A 42-year-old Indian male presents with epigastric pain and dyspepsia for 6 weeks. Upper endoscopy reveals the appearance shown in the diagram — the structure marked **A** shows nodular erythematous antral mucosa with erosions. Rapid urease test is positive. The patient has failed triple therapy with PPI, clarithromycin, and amoxicillin administered 3 months ago. Which of the following is the most appropriate next-line eradication regimen for this refractory H. pylori infection?
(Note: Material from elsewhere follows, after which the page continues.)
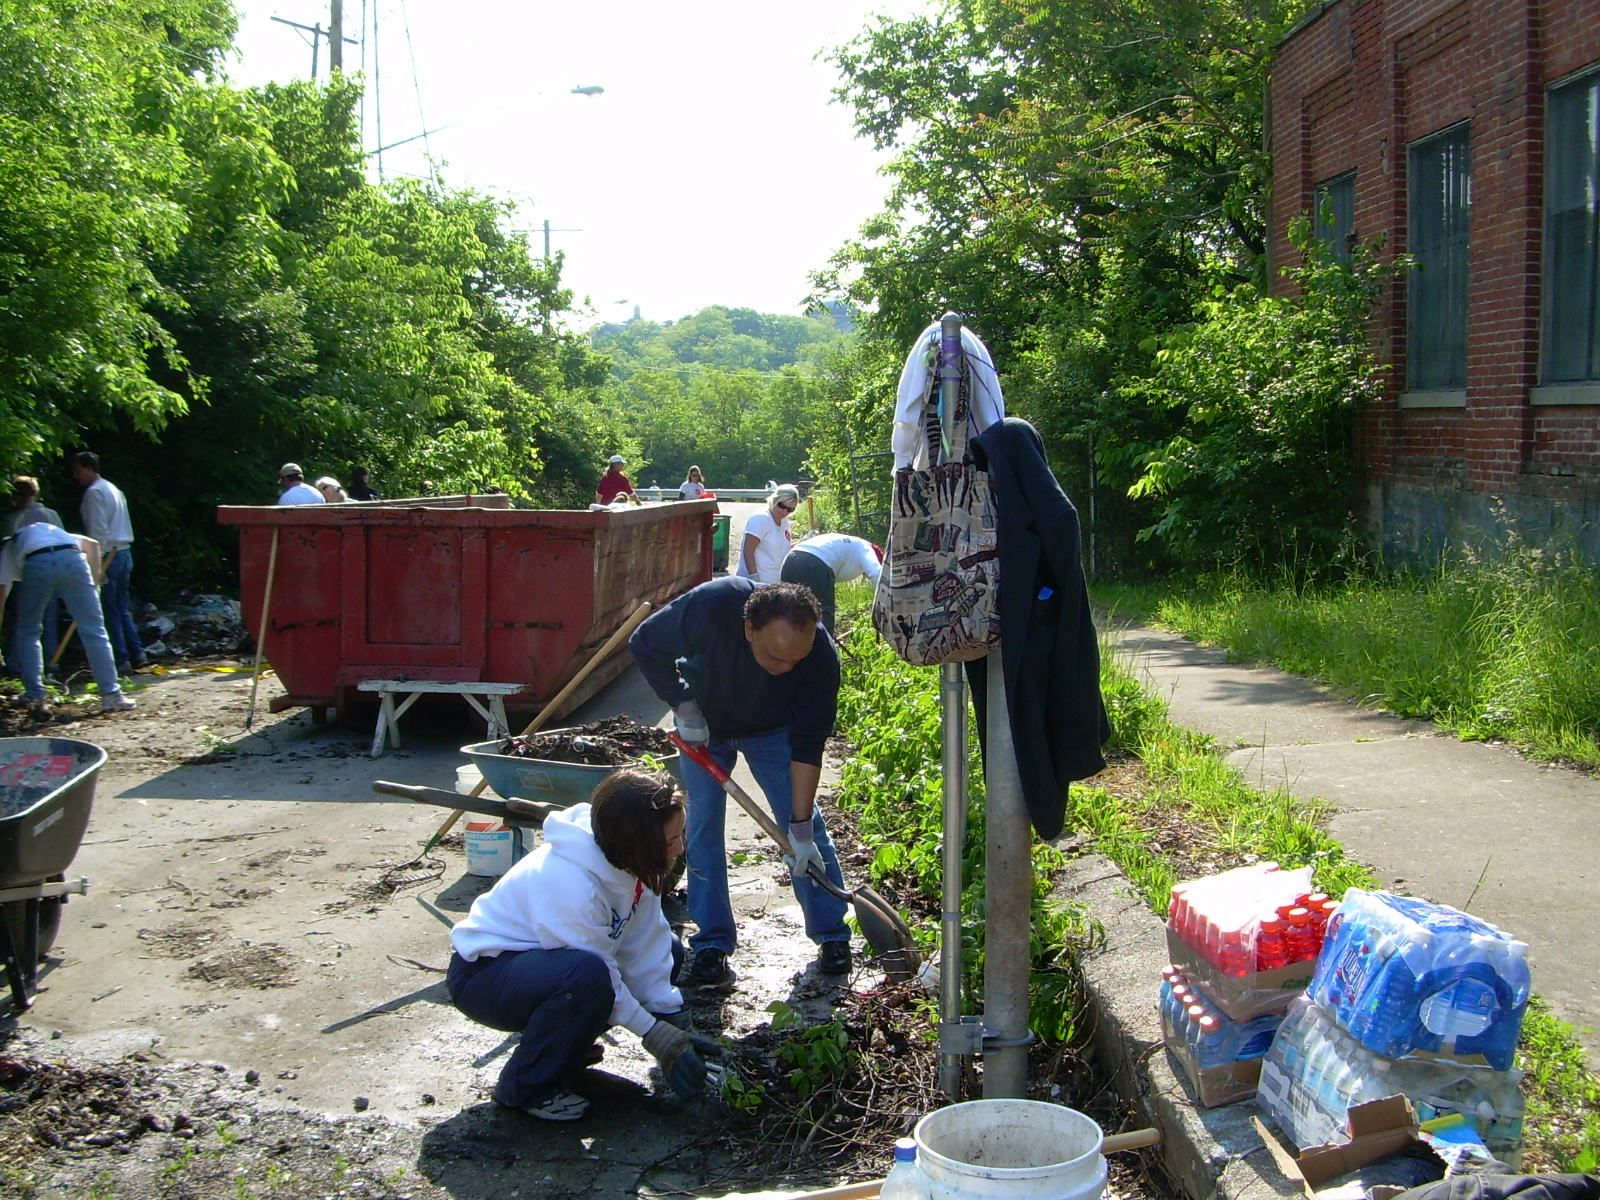 Neighborhood Spotlight: Avondale

A. PPI + clarithromycin + metronidazole for 14 days
B. PPI + bismuth subsalicylate + metronidazole + tetracycline for 14 days
C. PPI + clarithromycin + amoxicillin for 21 days
D. PPI + levofloxacin + amoxicillin for 10 days
Explanation
Why option 2 (PPI + bismuth subsalicylate + metronidazole + tetracycline for 14 days) is correct
The endoscopic finding of nodular erythematous antral mucosa with erosions (marked A) is a classic presentation of H. pylori-associated chronic gastritis and is the clinical context for this refractory infection scenario. According to Maastricht VI/Florence Consensus 2022 and ACG guidelines, after FAILURE of clarithromycin-based triple therapy, the preferred salvage regimen is BISMUTH QUADRUPLE THERAPY: PPI BID + bismuth subsalicylate/subcitrate QID + metronidazole 500 mg TID + tetracycline 500 mg QID for 14 days. This regimen avoids repeating clarithromycin (to which resistance has already emerged) and provides synergistic activity against resistant strains.
Why each distractor is wrong
Option 1 (PPI + clarithromycin + metronidazole): This repeats clarithromycin, the antibiotic to which the organism has already demonstrated resistance after triple therapy failure. Guidelines explicitly state "never repeat the same antibiotics" in salvage regimens.
Option 3 (PPI + clarithromycin + amoxicillin for 21 days): This is the original failed triple therapy regimen. Extending the duration does not overcome clarithromycin resistance and violates the principle of switching to a different antibiotic class after first-line failure.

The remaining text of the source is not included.